Poderia ter dado outro título a este conto, visto que ele não aconteceu em setembro, mas um pouco antes de a primavera bater às nossas portas. Os dias já estavam lindos, o frio, pouco frio que esfriara poucos dias do inverno daquele ano já estava em seus estertores.
Quando setembro vier, dizia um filme já antigo. E ele veio e propiciou o início de um amor que já dura 43 anos. Foi em setembro de 1972 que Bel e eu começamos a namorar, numa viagem a Ouro Preto, aquela mágica cidade, cheia de mistérios, causos nunca revelados, conspirações, traições e poesia, muita poesia. Cenário que Cecília Meireles tão bem descreveu em seu “Romanceiro da Inconfidência”:
“Eis a estrada, eis a ponte, eis a montanha sobre a qual se recorta a igreja branca”.
E foi ali, passando um dia cheio de sol, que nosso amor nas-ceu. Três meses depois, o noivado, na festa de Natal. E a mãe dela, preocupada:
- “Filha, que pressa é essa? O que você andou fazendo?”
- “Não fiz nada, mãe. Não estou grávida, se é isso que você está pensando. Sou virgem e vou casar virgem!”

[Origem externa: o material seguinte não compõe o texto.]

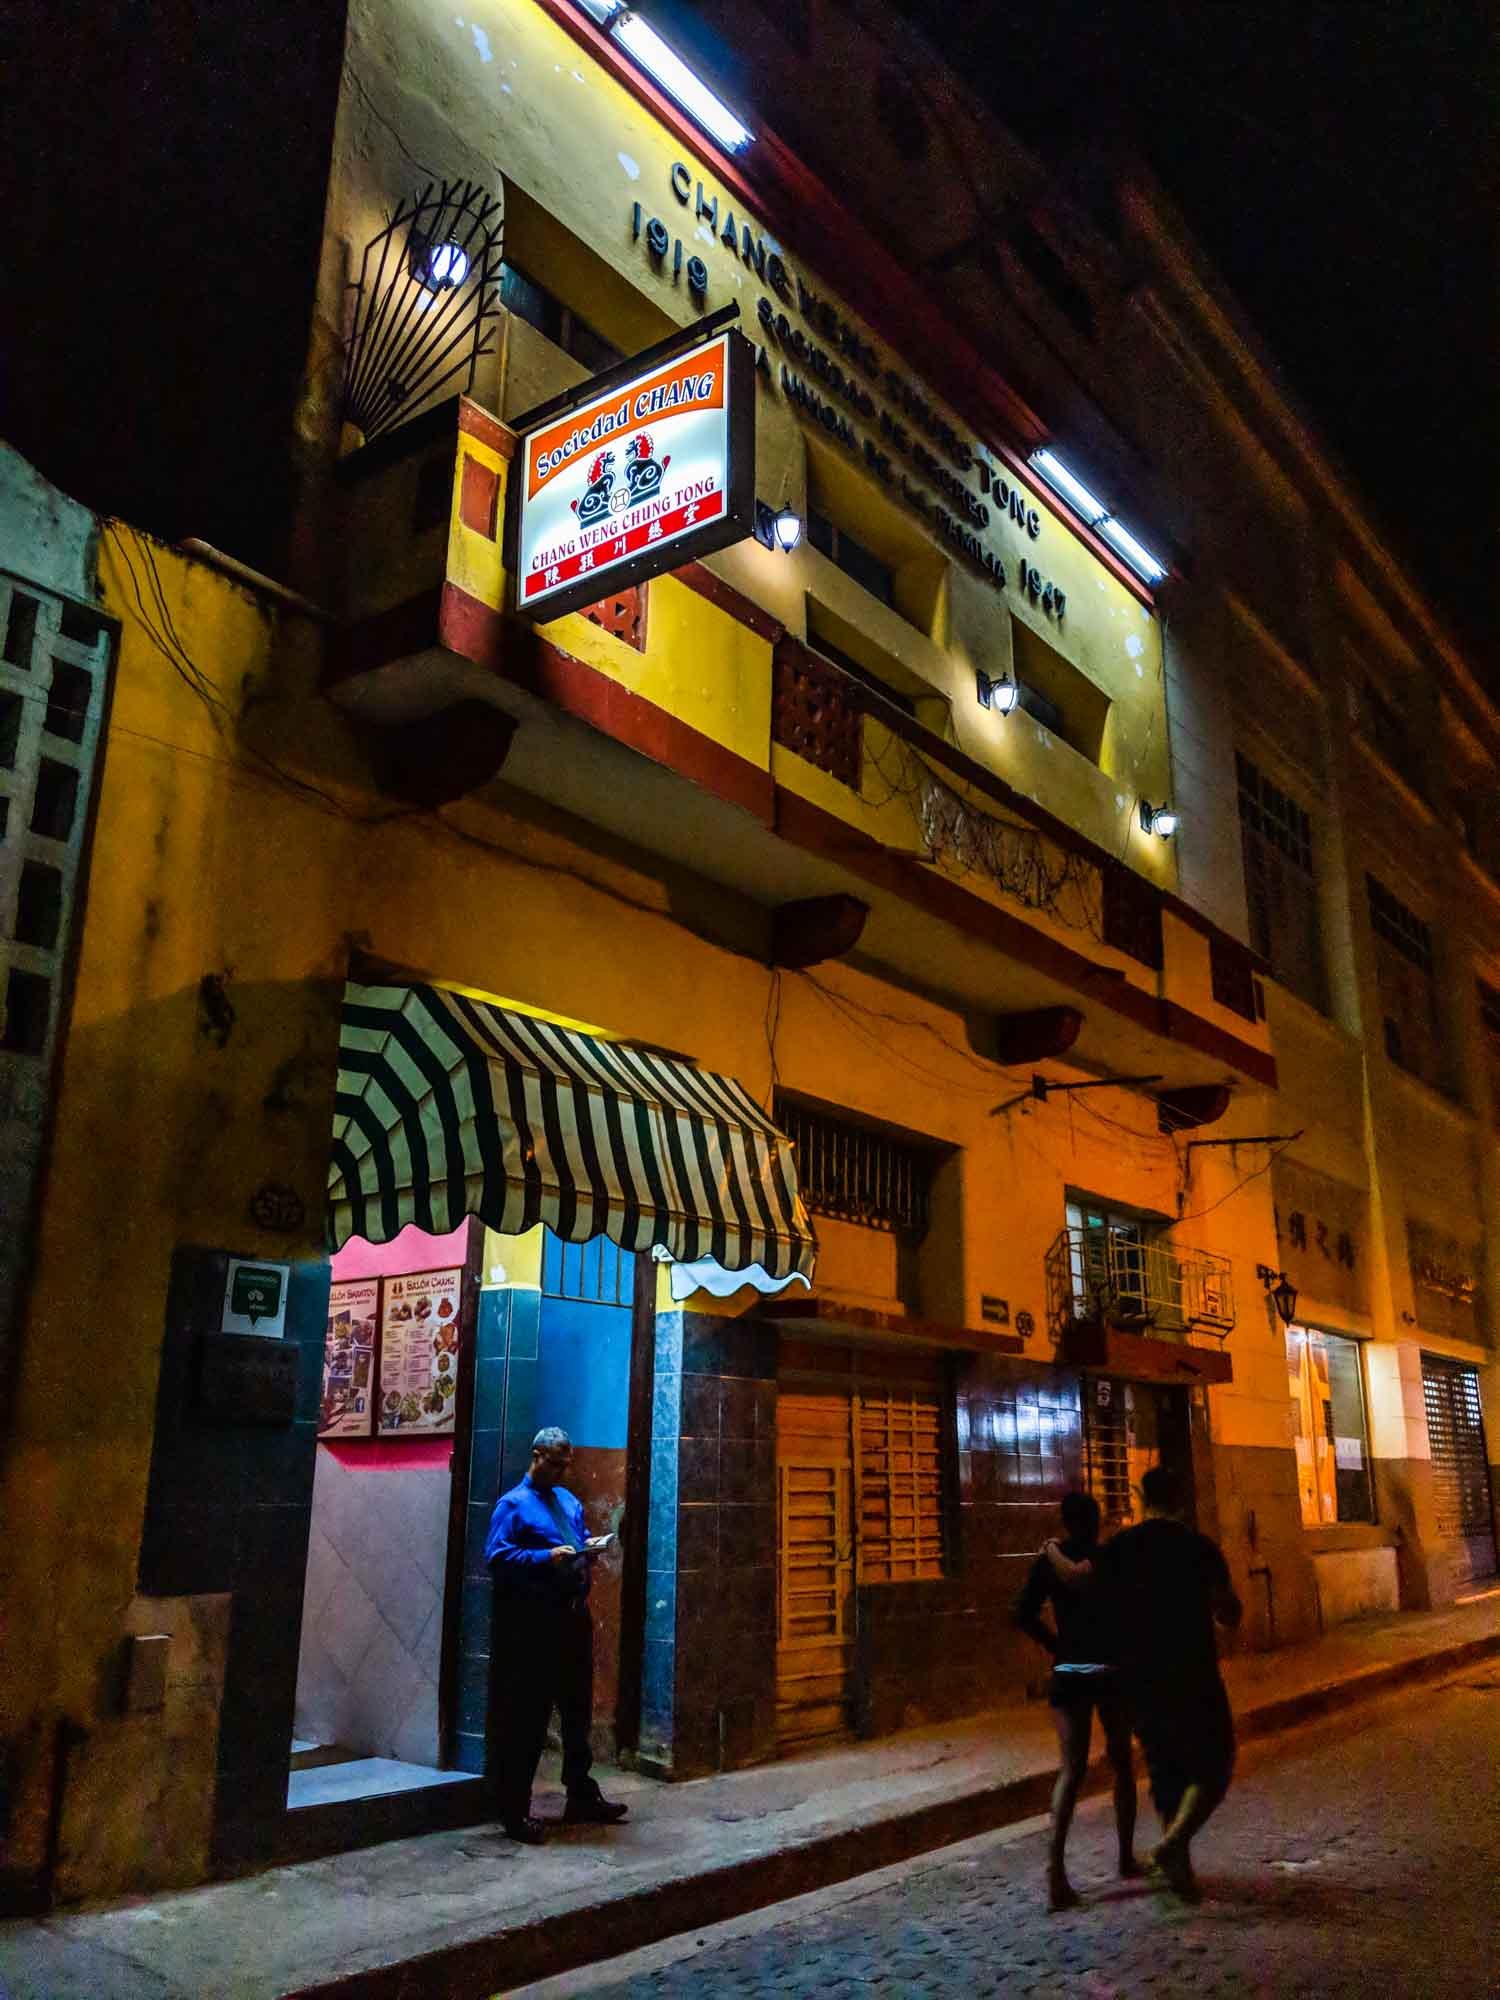 Sociedad Chang restaurant in Havana exterior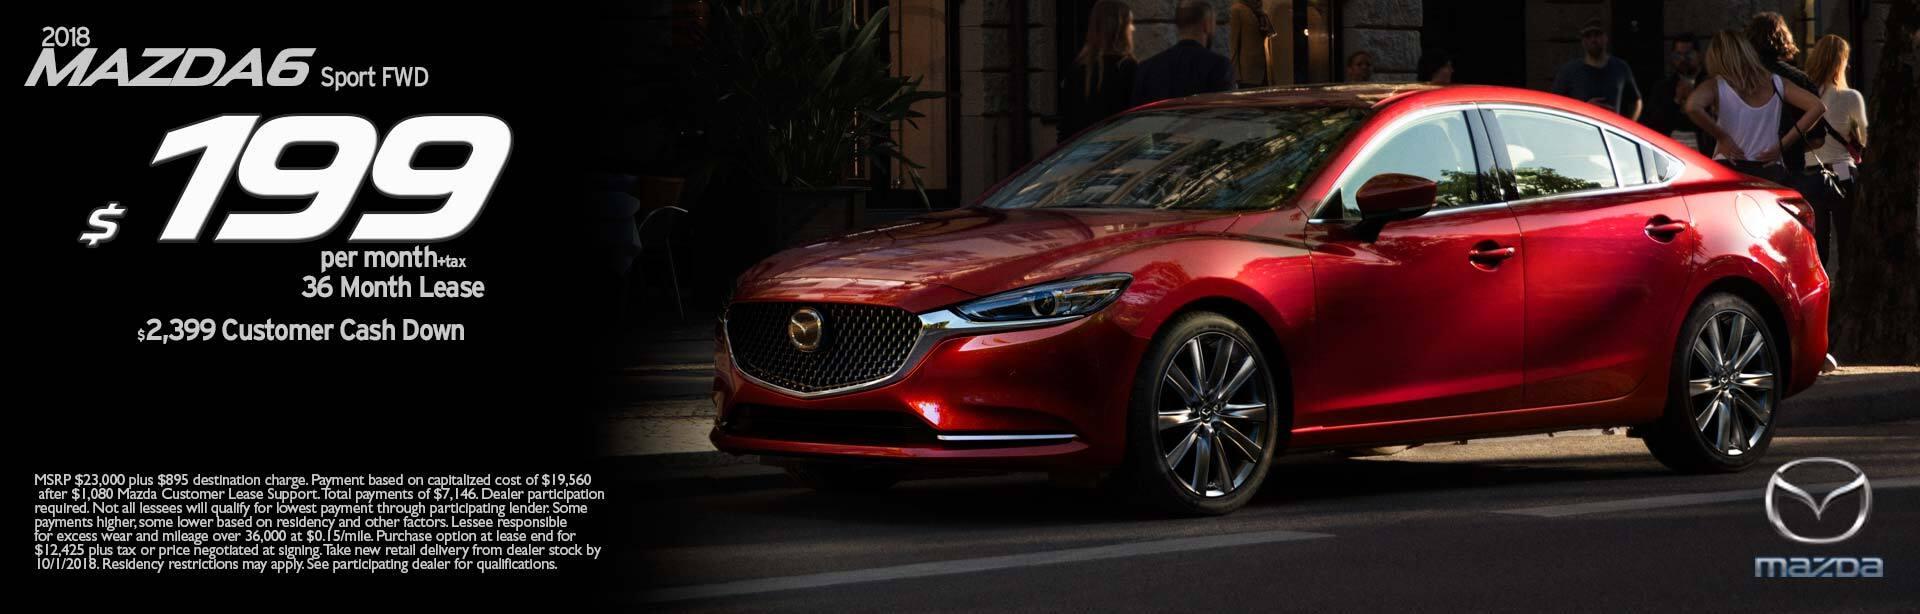 2018 Mazda Sport

Realmente, ela quis e casou virgem. De nada adiantaram as minhas tentativas para fazê-la mudar de ideia... na hora H ela escapulia e me deixava – literalmente – na mão.
Resolvemos comemorar o início de tudo, entrando com os papeis no Cartório no mesmo dia e mês em que, um ano antes, havíamos começado o namoro: dia 3 de setembro de 1973, uma segunda-feira.
De posse dos documentos exigidos, fomos ao Cartório. Um detalhe foi esquecido: duas testemunhas eram necessárias para assinarem o pedido. Não leváramos ninguém. O jeito foi pedir a um casal que estava na mesma situação que a nossa e, assim, eles testemunharam para nós e nós para eles. O famoso jeitinho brasileiro...
Saímos do Cartório, que era no centro da cidade, por volta das 17 horas. Eu tinha que ir à minha casa e voltar ao centro para dar aulas, então acompanhei-a ao ponto de ônibus dela, nos beijamos e corri para pegar o meu ônibus, cujo ponto era alguns quarteirões acima.
Chegando perto, vi, num cruzamento de uma avenida com uma rua, um pequeno tumulto. Dezenas de pessoas estavam ali aglomeradas, olhando algo no chão. De onde eu estava não dava para saber do que se tratava. Nem tinha tempo para averiguar. Peguei meu ônibus e vinte minutos depois, descia em frente ao edifício onde morava. Quando ia atravessar a rua, vejo minha irmã e minha mãe saindo da portaria, semblante carregado.
- “Ainda bem que você chegou. Telefonaram agora do Pronto Socorro, papai foi atropelado e está lá. Pegue o carro e vamos”.
Rapidamente, entrei em casa, peguei os documentos do carro e fomos para o Pronto Socorro. Sequer me lembrei de telefonar para o cursinho onde daria aulas aquela noite para avisar que não poderia ir.
No carro, fiz perguntas e as respostas me deixaram gelado. O atropelamento se dera no local onde eu vira o tumulto, antes de pegar o ônibus. Era meu pai que estava lá, caído, e eu não vi. Custei a dirigir, mas, finalmente, parei em frente ao Pronto Socorro e corremos para lá para ter notícias. Meus outros irmãos tinham chegado e um tio, médico, já entrara para ver pessoalmente o que se passava. Logo ele retornou e disse que estava tudo sob controle, papai teria de ficar em observação. Foi um alívio, logo desfeito, pois ele chamou a mim e a dois irmãos e disse que a situação era gravíssima. Podíamos esperar o pior. Ele dera a falsa notícia apenas para não apavorar mais ainda minha mãe e irmãs.
Fomos embora, pois de nada adiantava ficar ali, não era permitida a entrada.
Voltamos logo de manhã. E aí tivemos a notícia. Nosso pai havia falecido.
Por isso pensei em outro título para este conto, que é real: A primavera chegou rosa e terminou cinza.